No drugs, no condoms

"Kennedy, what's eight plus seven?" My daughter was nearing the end of second grade when I asked that question. It took her about four seconds to answer – four seconds too long, four seconds during which I gave up on modern schools.

We had tried public school. But when one of my daughter's fellow kindergartners cussed out the teacher in words that no five-year-old should have to hear, we decided to try a Christian school the next year.

Alas, modern education theory has not limited its influence to public schools. "Creative spelling" was tolerated in the church school our daughter attended for two years, and mathematics instruction apparently did not include the memorization of basic algorithms.

It boggled my mind to discover that my exceptionally bright daughter had almost completed second grade and had not been drilled sufficiently to answer a single-digit addition problem without hestitation.

Advocates of modern theories like "connected mathematics" claim that "problem-solving strategies" are more important than mere "math facts." But I cannot imagine how "strategies" will help a third-grader who doesn't know that eight plus seven equals 15. Some things one simply must know.

Having tried both public and private schools and found them wanting, my wife and I decided to homeschool our kids.

Four years later, I am pleased to report, our 12-year-old daughter is doing math at an eighth-grade level and has the reading vocabulary of a college freshman. (We're still working to eliminate the "creativity" in her spelling.) Our 8-year-old twin sons, homeschooled since age 4, are doing fifth-grade math.

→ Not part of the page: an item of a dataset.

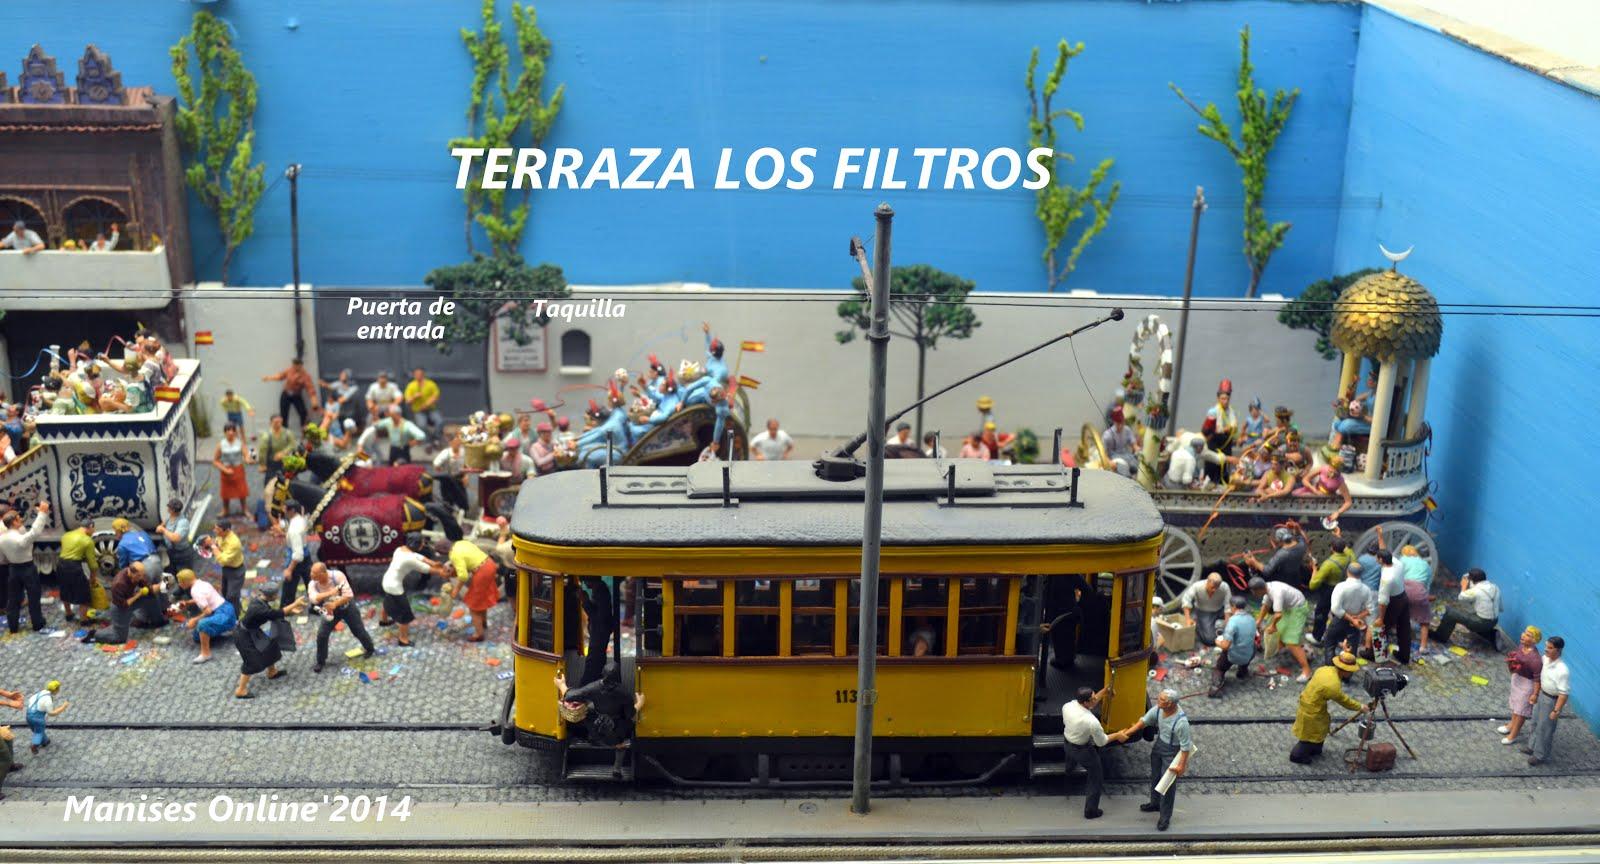 06.06.20 TERRAZA LOS FILTROS

Time magazine is worried about our kids. Our children's success – and the success of thousands of other homeschooled kids – is dangerous, Time suggests in a cover story titled "Is Home Schooling Good for America?"

The Time article is anti-homeschooling propaganda thinly disguised as news. "Home schooling may turn out better students," Time admits, "but does it create better citizens?" The bulk of the article is mainly devoted to the threadbare "socialization" issue.

For years, home-schooling parents have been answering the question, "What about socialization? Isn't it important for kids to learn to get along with other kids?"

Short answer: Yes. And our kids – polite, friendly and outgoing – get along just fine with other kids. They have friends just like any other kid has friends, including some friends who beg their parents to be home-schooled like our kids.

What the folks who ask about "socialization" really mean, however, is this: Doesn't healthy development require that every child be immersed seven hours a day, 180 days a year, for 13 years, among dozens of children whose only commonality is living within the boundaries of a certain school district? To this we answer, absolutely not.

The notion that the one-size-fits-all school fulfills a necessary social function is an absurdity, reflecting a profound ignorance of human history. Kids were successfully "socialized" for millennia before anyone concocted anything remotely like the modern school, administered by certified government bureaucrats, where 500 to 3,000 kids are taught a politically approved curriculum.

The "socialization" question takes various forms: "What about school dances? What about football games?" What about, as Newt Gingrich used to say, "subsidized dating?" The widespread belief that school is, or should be, primarily about "socialization," is the biggest clue to what's gone wrong with American education.

So it is that the people at Time magazine – who would have you believe they care more about my kids than I do – worry that home-schooled kids may "have missed out on whole swaths of childhood." Mandatory condom instructions, middle-school drug dealers, pipe bombs in the cafeteria – too bad my kids "missed out" on all that.

The folks at Time profess to be worried that home-schooling is bad for "democracy." But Ben Franklin and George Washington, among other of the Founding Fathers, got most of their education at home, and none of the Founders ever set foot in anything like today's public schools. If the Founders of our republic didn't need public schools, why do our kids?

In the end, Time's greatest concern is that home-schooling limits the public school system's access to taxpayers' pockets. Public school funding is determined according to enrollment. For each kid enrolled, the school gets a certain appropriation – thousands of dollars per child.

By draining kids out of the public education system, says Time, "home schooling has become a threat to the very notion of public education." Let me be the first to say, I hope so. I certainly hope so.

Robert Stacy McCain is an assistant national editor for The Washington Times.